To minimize heat gain during the summer, reflective shades are installed over the south and west windows. Brigham keeps the shades drawn from noon to sunset, if not longer, between May and September.
Only electric appliances were installed, including an induction cooktop, convection oven, and two on-demand tankless water heaters (see sidebar.) Brigham opted for passive alternatives to dishwashing and clothes drying. After being hand-washed, dishes air-dry in kitchen cabinet racks, where they are also stored. In the laundry room, a large floor-to-ceiling cabinet hides drying racks for clothing. A high-efficiency lighting scheme utilizes a combination of LED and fluorescents to help minimize energy consumption and meet LEED requirements.
Domestic hot water loads were modeled at 25 gallons per day per person, within the range of typical residential loads suggested by ASHRAE. This load represented cooking, cleaning, bathing, and waste water usage, but did not include the additional water required for a large soaking tub originally designed into the master bathroom. “It was one of the few things the homeowner really wanted,” Sofield says. “But she opted not to build it after she saw the numbers.” Each bath would have used 11.75 kWh and at least 100 gallons of water—more resources than Brigham felt comfortable consuming for what she considered to be a luxury item.
Throughout the home, fixtures and fittings satisfy the LEED requirements for water-use efficiency, meeting the set limits for average flow rates—less than 1.5 gallons per minute for the faucets and outdoor spigots, less than 1.75 gpm for the showerhead, and less than 1.1 gallons per flush for each of the two toilets. A small-capacity Energy Star clothes washer handles Brigham’s weekly washing needs. Additionally, the home claimed the maximum LEED credits allowable for managing roof runoff. In Colorado, where water laws dating to the 19th century still grant usage rights to roof runoff to downstream users, rain retention is prohibited.
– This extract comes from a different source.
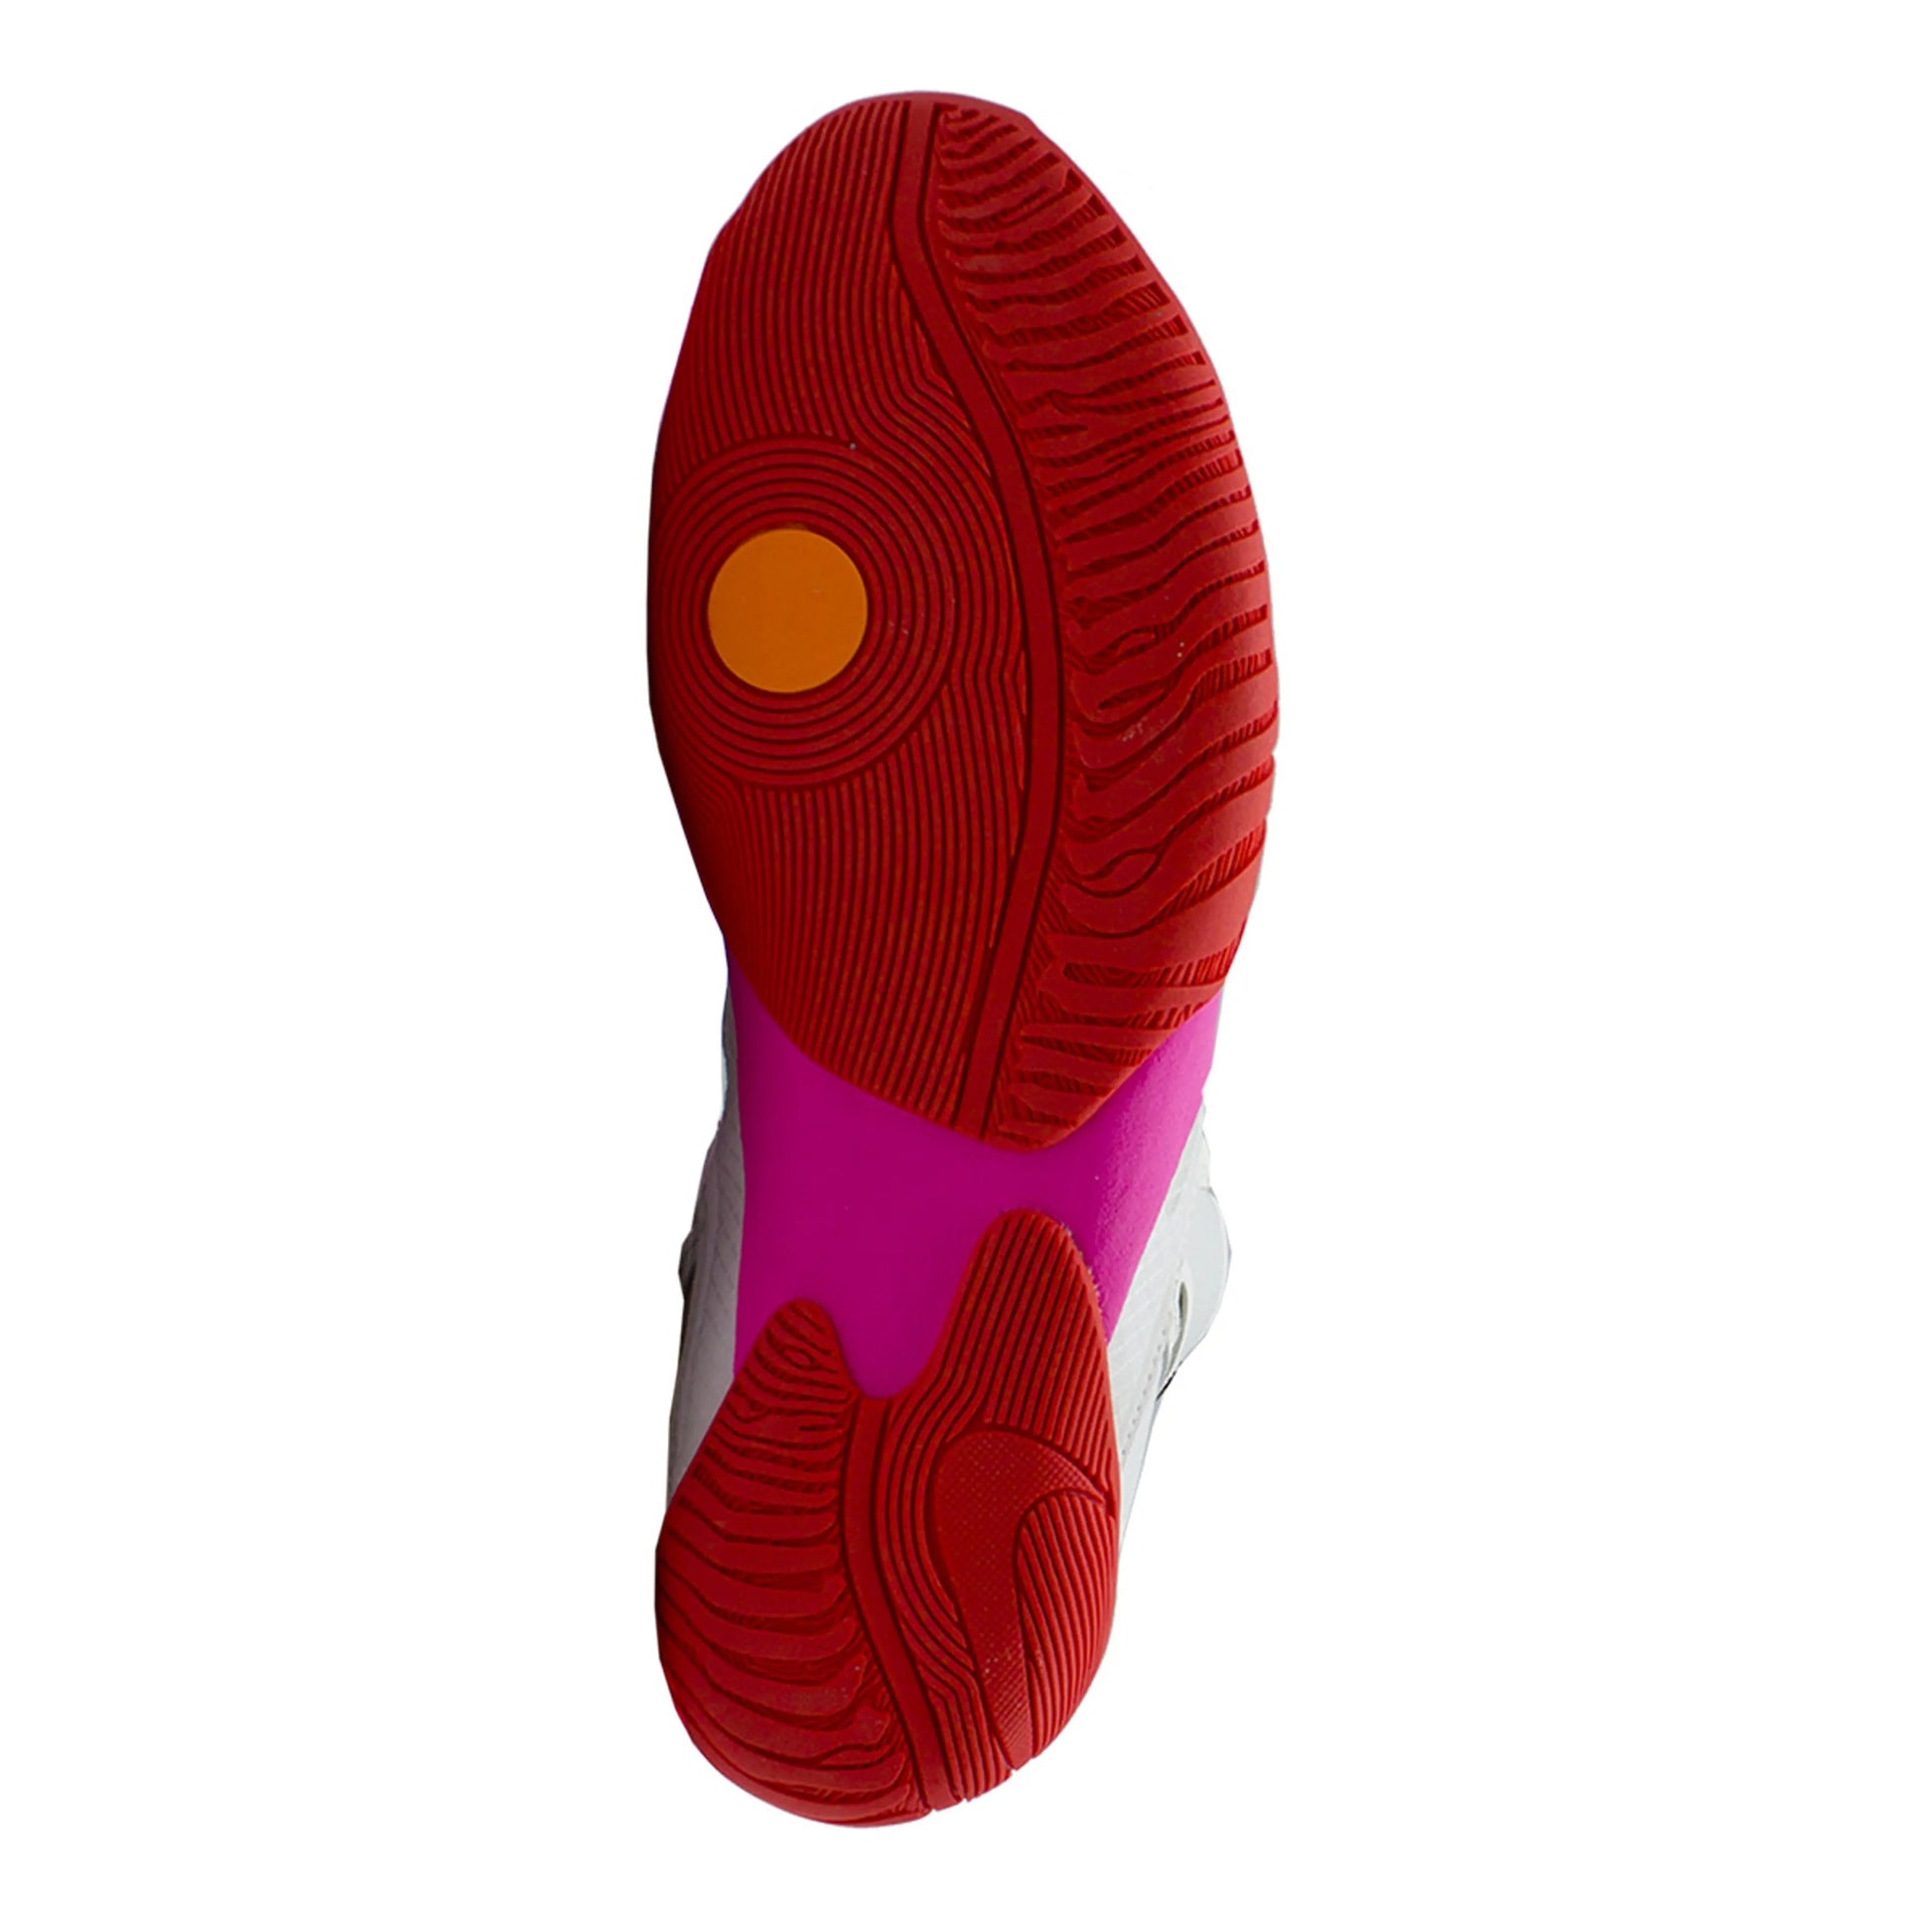 Botas de Boxeo Nike Hyperko 2 LE edición limitada - Redglove

Sofield enlisted a civil engineer to size the infiltration ponds appropriately to return water to the aquifer.
The home’s heating, ventilation, and air-conditioning system relies on a high-efficiency Carrier electric air handler capable of delivering 1,050 cfm in cooling mode and 945 cfm in heating mode. Modeling showed that the cost of the additional PV needed to operate the air handler was less than the cost of an air-source heat pump, the primary alternative considered.
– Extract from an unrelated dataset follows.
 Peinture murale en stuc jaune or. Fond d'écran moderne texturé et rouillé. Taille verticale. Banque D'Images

The floor between the first and second levels houses the supply-air ductwork that provides conditioned air to all spaces. Return-air circulation occurs naturally through gaps beneath the doors into the bath and laundry rooms, and louvered doors into the first-floor office. With slotted-sheet steel risers, the staircase acts as a giant vertical return, feeding the return air grille on the ground level.
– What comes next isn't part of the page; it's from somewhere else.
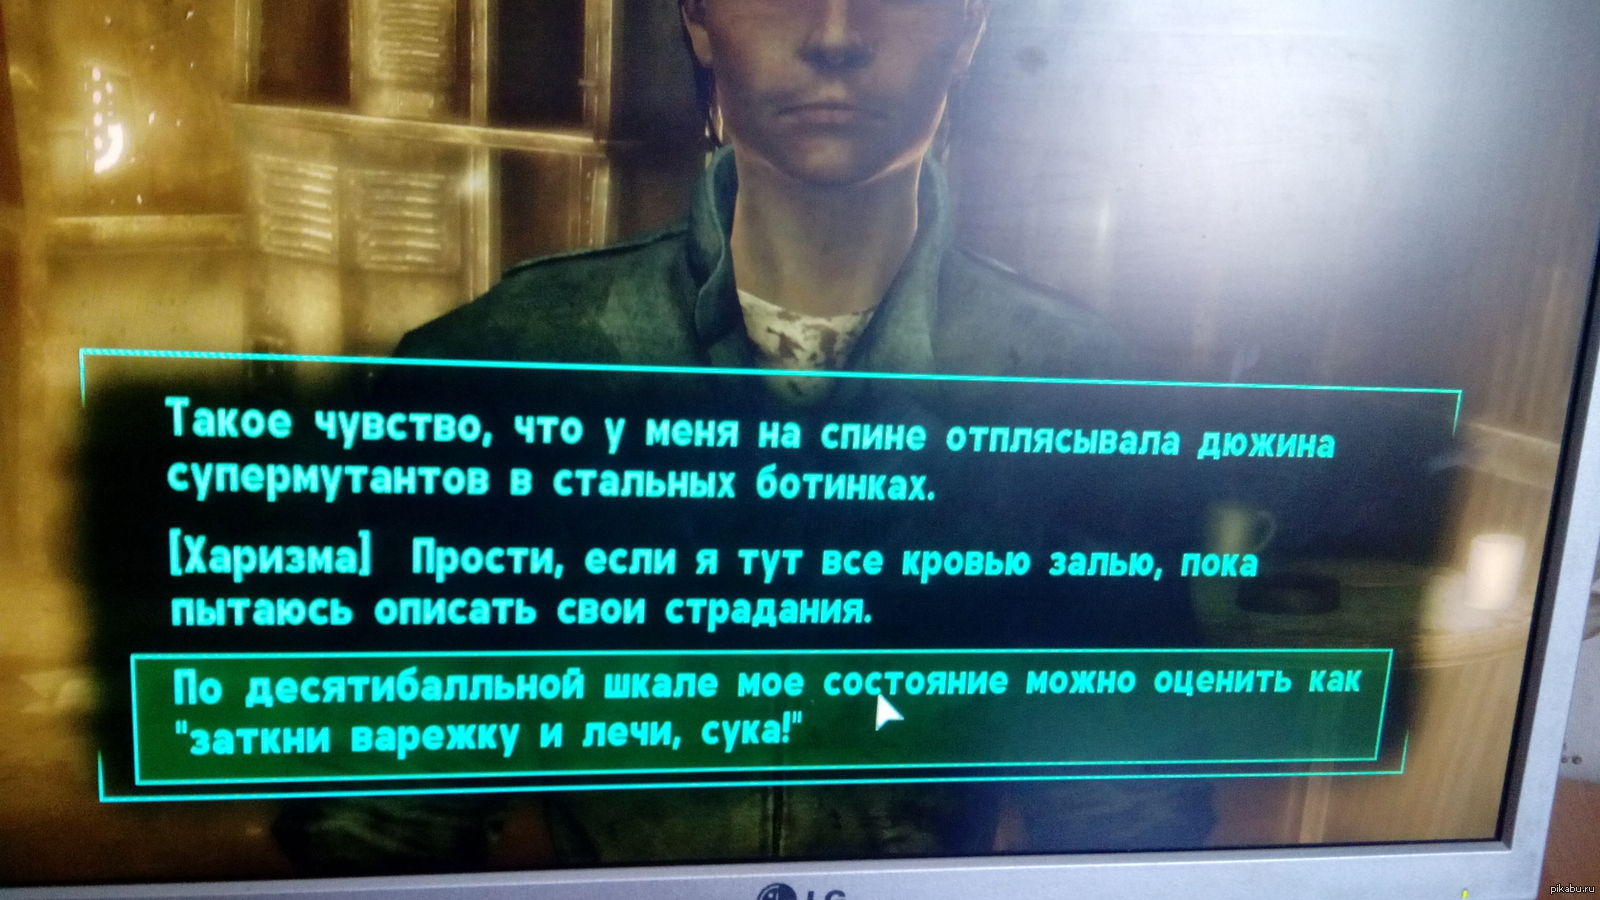 Fallout 4 диалоги как в fallout 3 фото 40
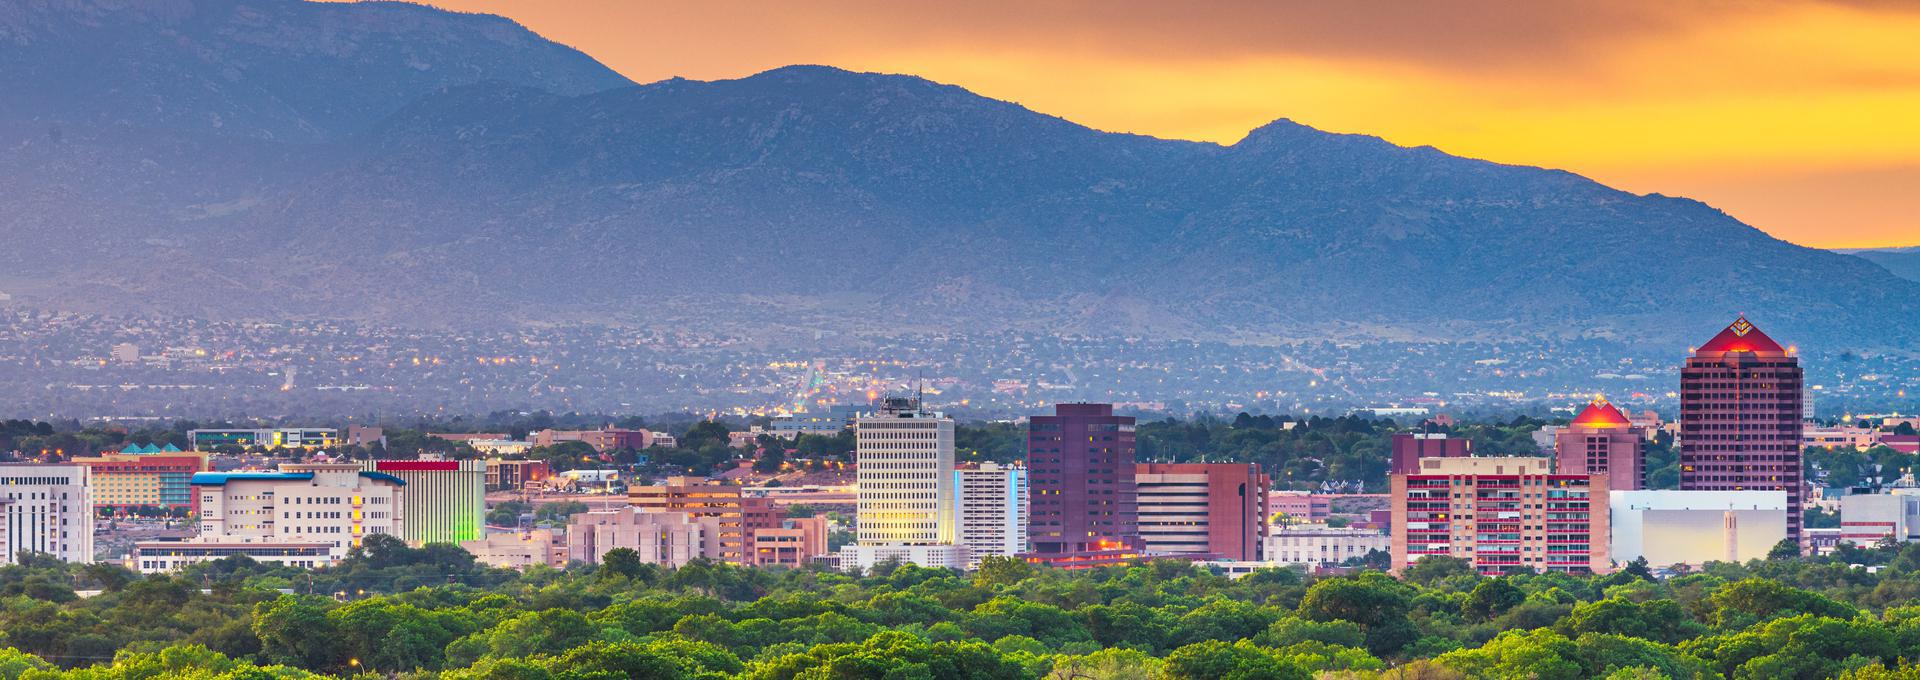 Albuquerque -

Cooling is accomplished with an earth tube (or ground-loop heat exchanger)—a 12-inch-diameter PVC pipe buried 3.5 feet deep beneath the home that runs along the perimeter of the foundation. Return air from the home circulated in the tubes is cooled by the ground temperature and delivered back to the house via the air-handler. Based on average earth temperature data from the National Renewable Energy Laboratory, the earth tube can provide air cooled to 78°F—even during the hottest months of July and August. Ideally, the earth tube, Corbin says, would have been trenched deeper into the ground to provide even cooler air, but digging deeper was cost-prohibitive.